— Расстрелять без суда и следствия — негуманно. — Алик, как законный владелец мыши, решил поступить с ней законно. — Выпить ей надо дать. Чтоб хоть перед смертью вкусила радость жизни.
Валька в обсуждении не участвовал. После вчерашнего срама он все больше сидел у костра и подбрасывал сучья. А Люси ему эти сучья подносила. Сейчас она стояла в сторонке и молча разглядывала нас. Без выражения. Просто смотрела, и все.
— Презираешь? — спросил я. — Выводы нехорошие делаешь?
— Желаю приятной охоты. — Люси повернулась и пошла к завалу хвороста. Ее конский хвост вызывающе плескался на блестящей коже куртки. Теперь я, кажется, понимаю собак, которые не могут видеть перед собой мелькающих пяток.
— А между прочим, — крикнул я ей вслед, — будь мышь с тебя ростом, она бы с тобой не очень церемонилась!
— Это ты очень верно подметил, — сказал Валька. — Молодец.
Я подошел к нему. Постоял, посмотрел. Наконец он поднял глаза.
— Ну?
— Послушай, Валя, если ты уж так остро чувствуешь превосходство... неужели в городе для него нет выхода?
— Кончай... Не в этом дело. И не прикидывайся обиженным. Дело не в этом... Ведь все же видно. Люси...
— Катился бы со своей...
Пить мышь отказалась, и поэтому пришлось сунуть ее головой в водку. Сначала она упиралась, но потом изменила свое решение и малость выпила.

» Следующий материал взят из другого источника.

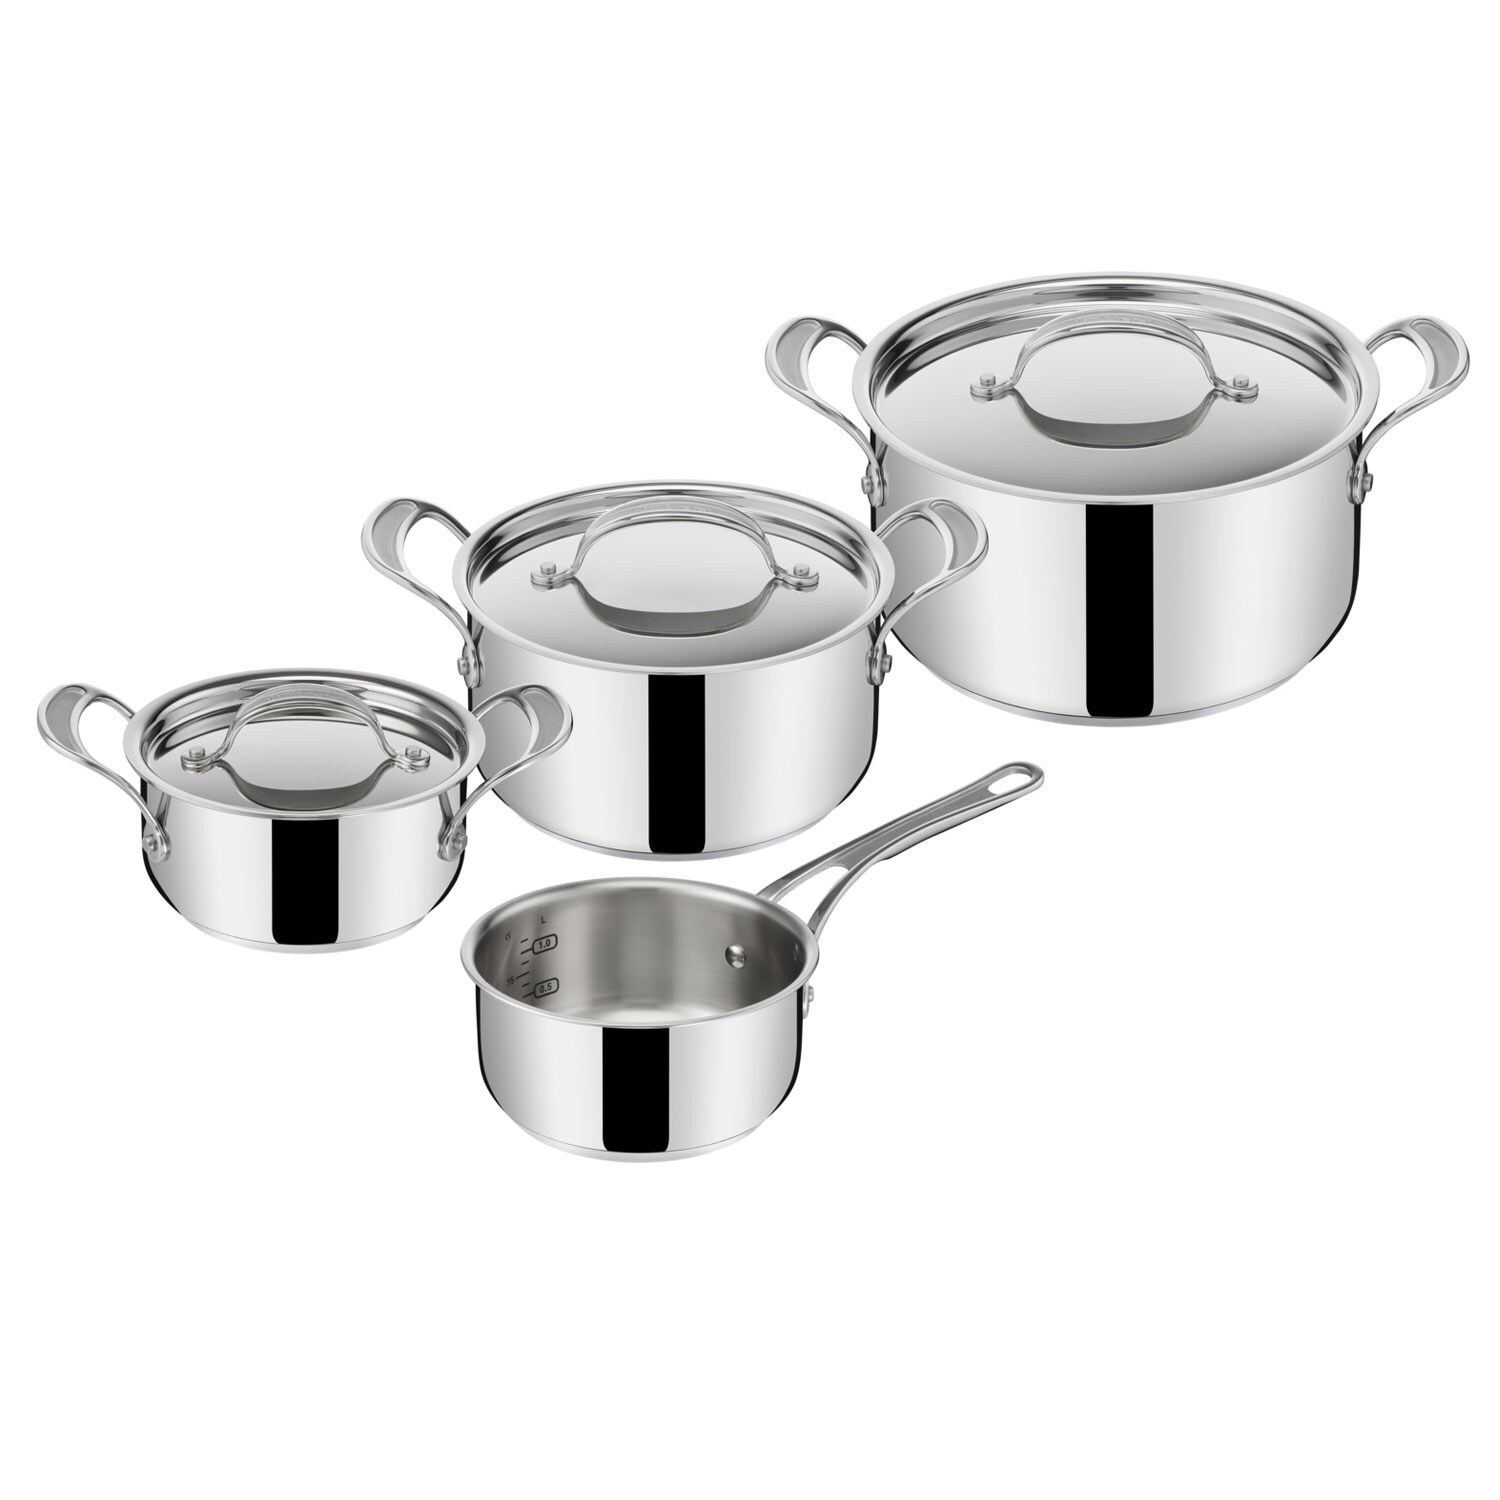 https://royaldesign.com/image/2/tefal-jamie-oliver-cooks-classic-pot-set-stainless-steel-7-pieces-0

— Ишь, хлещет, — удовлетворенно проговорил Алик. — Алкоголичка. А?
Через пять минут, связанная по рукам и ногам, мышь лежала на небольшом возвышении и таращила глаза в голубое небо. Глаза у нее были маленькие, блестящие и нестерпимо черные.
Казалось, что смотрит она не только в небо, но одновременно на всех и на каждого в отдельности. Вокруг стояли добровольцы с ружьями. Все зарядили оба ствола и готовились ахнуть дуплетом. Чего мучить животное...
Алик произнес короткую речь о зловредной роли мыши в истории цивилизации, а потом дал команду приготовиться. Шевельнувшись, блеснули стволы, качнулись ремни, глухо и многообещающе щелкнули затворы. Все замерло. И тут надо же, легендарная личность Жмакин чуть не испортил нам праздник. Неизвестно откуда появившись, он оттолкнул меня, взял мышь и забросил ее в кусты. О! Закричал не своим голосом Шурка, запричитал что-то о праве на личную собственность Алик, Валера, не в силах перекричать их, начал палить в воздух, а Жмакин, так и не сказав ни слова, подошел к костру и улегся на брезент.
А когда немного все поутихли, из кустов раздался истошный вопль чечеловского:
— Жива! Братцы, жива!
Мышь была водружена на прежнее место, и добровольцы снова взвели курки. Грызунья все так же смотрела на нас бесстыжими своими глазами и никак не могла сообразить — что же это происходит на белом свете.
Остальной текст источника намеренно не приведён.